Dataset extract »
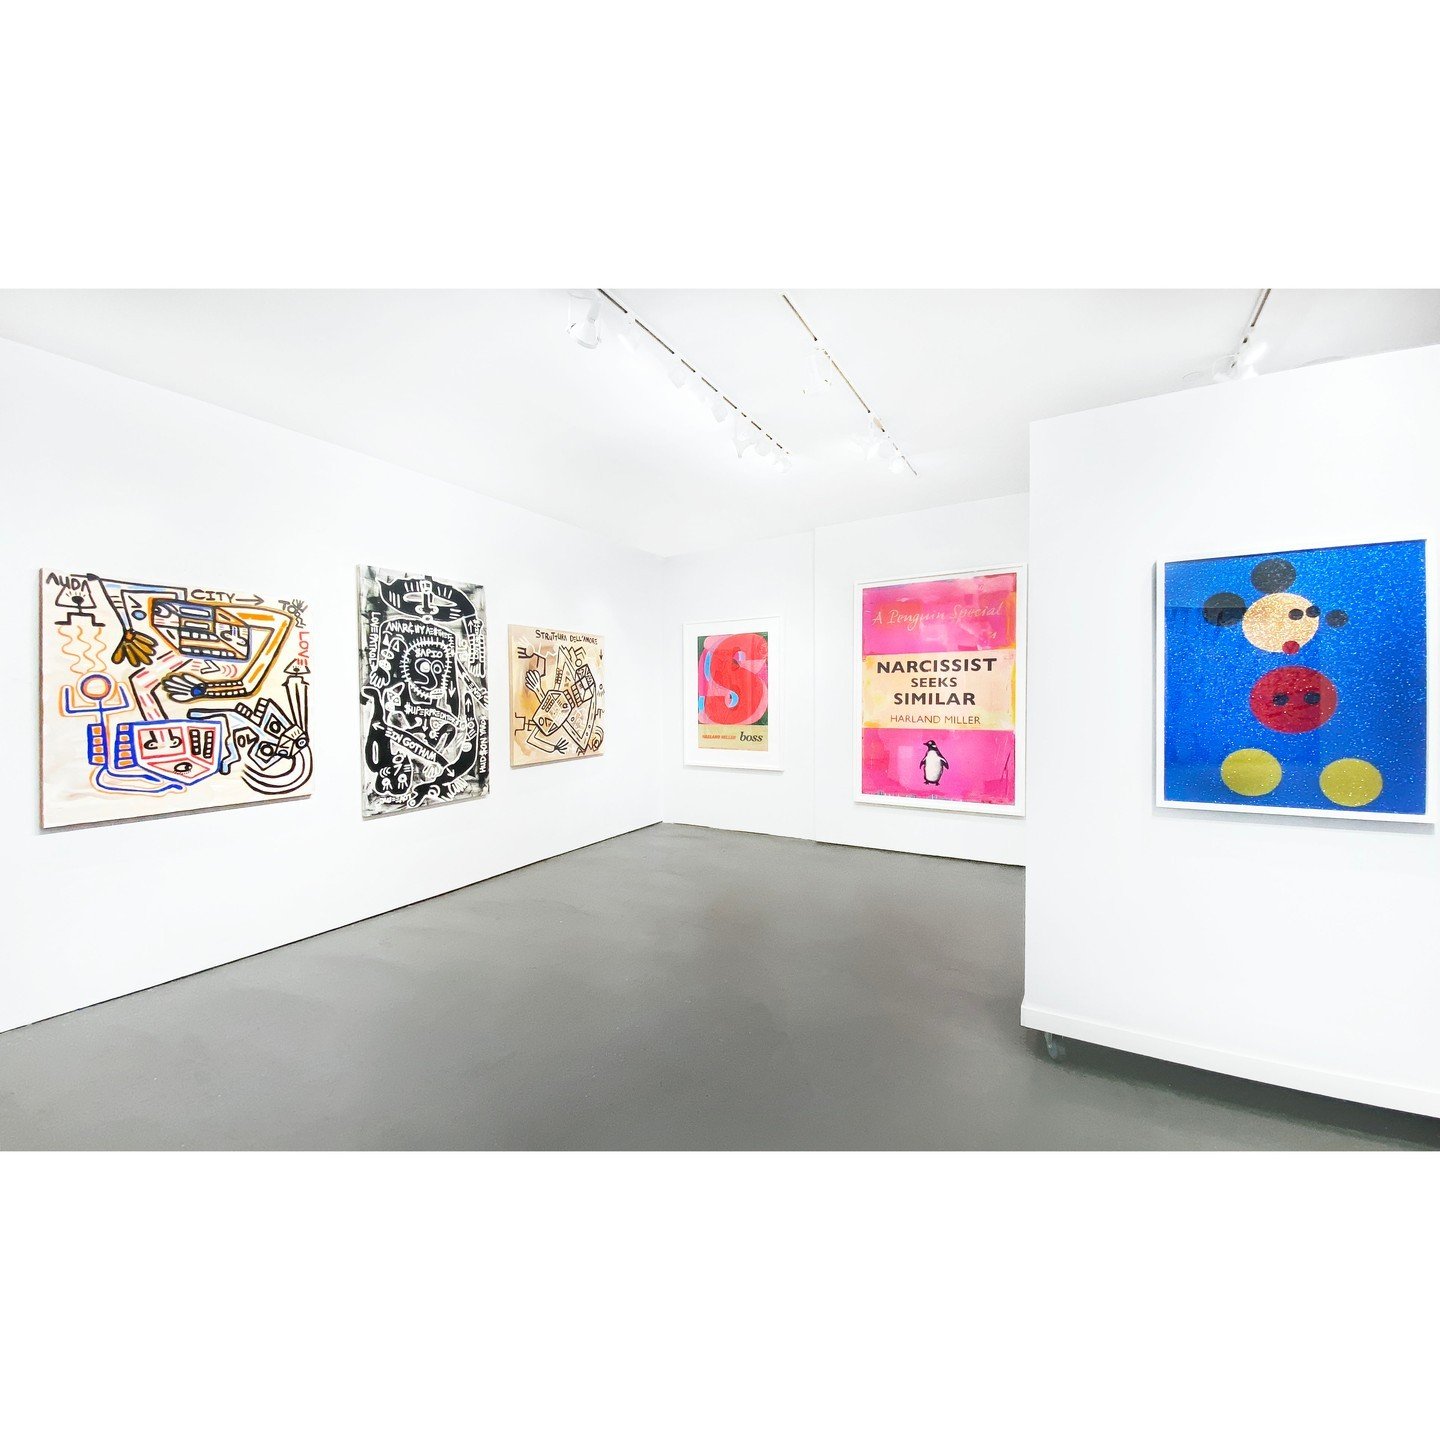 Much to see on our #NYC gallery walls 👀 from #HalimFlowers to #HarlandMiller and #DamienHirst, stop by to check it out!

Link in bio and DM for inquiries. Click the link in our shop to purchase Halim's book, &quot;Love Is The Vaccine&quot; ❤️&zwj;🔥
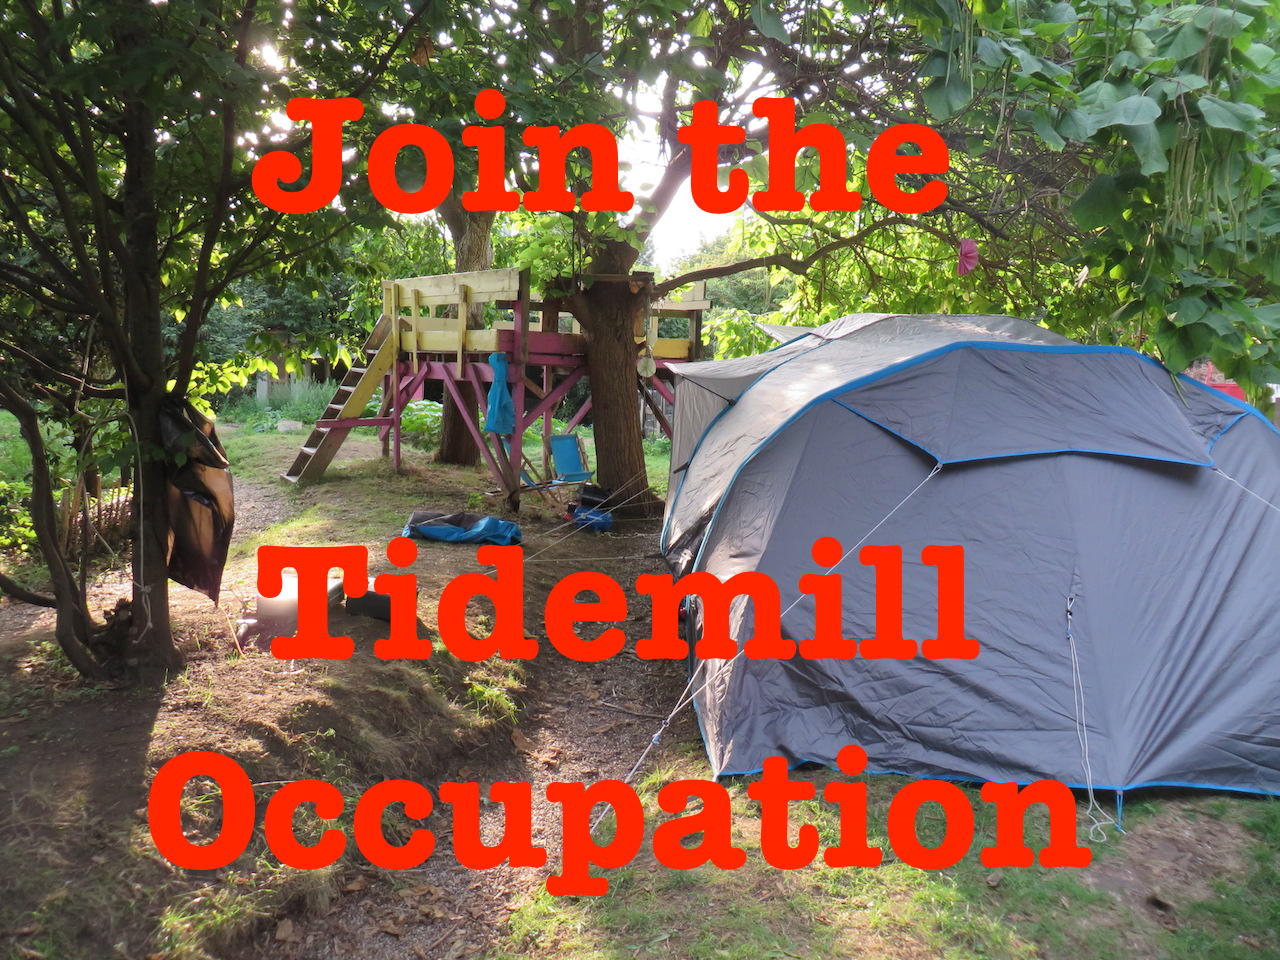 Join the Tidemill Occupation: an image I put together featuring a photo from the Old Tidemill Garden in Deptford on August 28, 2018, the evening the garden was occupied to prevent Lewisham Council from taking it back the day after, prior to its intended destruction.

Description of the task » Pictures excluded, write out exactly and only the lines of the material from the one containing "Link in bio" up to and including the last line.

Task output »
Link in bio and DM for inquiries. Click the link in our shop to purchase Halim's book, &quot;Love Is The Vaccine&quot; ❤️&zwj;🔥
 Join the Tidemill Occupation: an image I put together featuring a photo from the Old Tidemill Garden in Deptford on August 28, 2018, the evening the garden was occupied to prevent Lewisham Council from taking it back the day after, prior to its intended destruction.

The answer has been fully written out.